Dmitry Koptur

Personal information
- Full name: Dzmitry Uladzimiravich Koptur
- National team: Belarus
- Born: 6 September 1978 (age 47) Minsk, Belarusian SSR, Soviet Union
- Height: 1.96 m (6 ft 5 in)
- Weight: 82 kg (181 lb)

Sport
- Sport: Swimming
- Strokes: Freestyle
- Club: SK VS Minsk
- Coach: Henadziy Vishniakou

= Dmitry Koptur =

Belarusian swimmer (born 1978)

Dzmitry Uladzimiravich Koptur (also Dmitry Koptur, Дзмітрый Уладзіміравіч Коптур; born September 6, 1978) is a Belarusian former swimmer, who specialized in long-distance freestyle events. He is a 2000 Olympian and a three-time Belarusian record holder in the 400, 800, and 1500 m freestyle.

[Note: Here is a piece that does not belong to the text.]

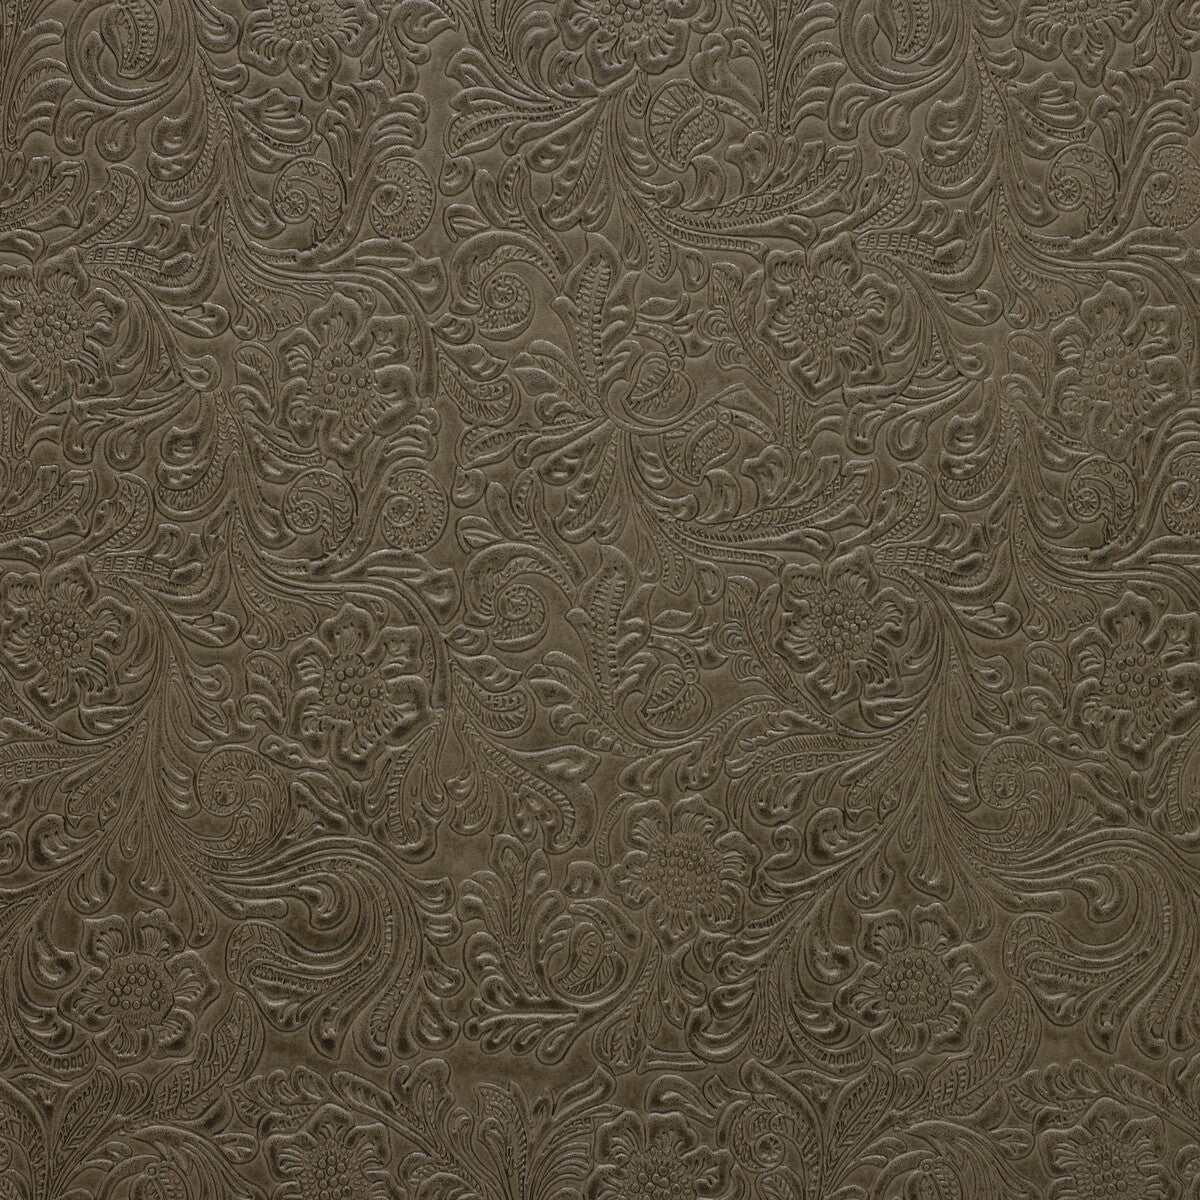 Kravet Design fabric in donahue-106 color - pattern DONAHUE.106.0 - by Kravet Design

Koptur competed in three swimming events at the 2000 Summer Olympics in Sydney. He cleared a FINA A-standard entry time of 15:27.86 (400 m freestyle) from the European Championships in Helsinki, Finland. On the first day of the Games, Koptur placed twenty-second in the 400 m freestyle. Swimming in heat four, he rounded out the field to last place by almost ten seconds behind winner Massimiliano Rosolino of Italy in 3:55.26. Four days later, Koptur teamed up with Pavel Lagoun, Igor Koleda, and Valeryan Khuroshvili in the 4 × 200 m freestyle relay. Swimming the third leg, Koptur recorded a split of 1:51.14, but the Belarusians fell short to sixth place and twelfth overall in a final time of 7:24.83. In his final event, 1500 m freestyle, Koptur challenged seven other swimmers in heat three, including top favorites Ricardo Monasterio of Venezuela and Spyridon Gianniotis of Greece. He held off Gianniotis by seven hundredths of a second (0.07) to earn a second spot in a time of 15:29.62. Koptur failed to reach the top 8 final, as he placed twentieth overall on the last day of prelims.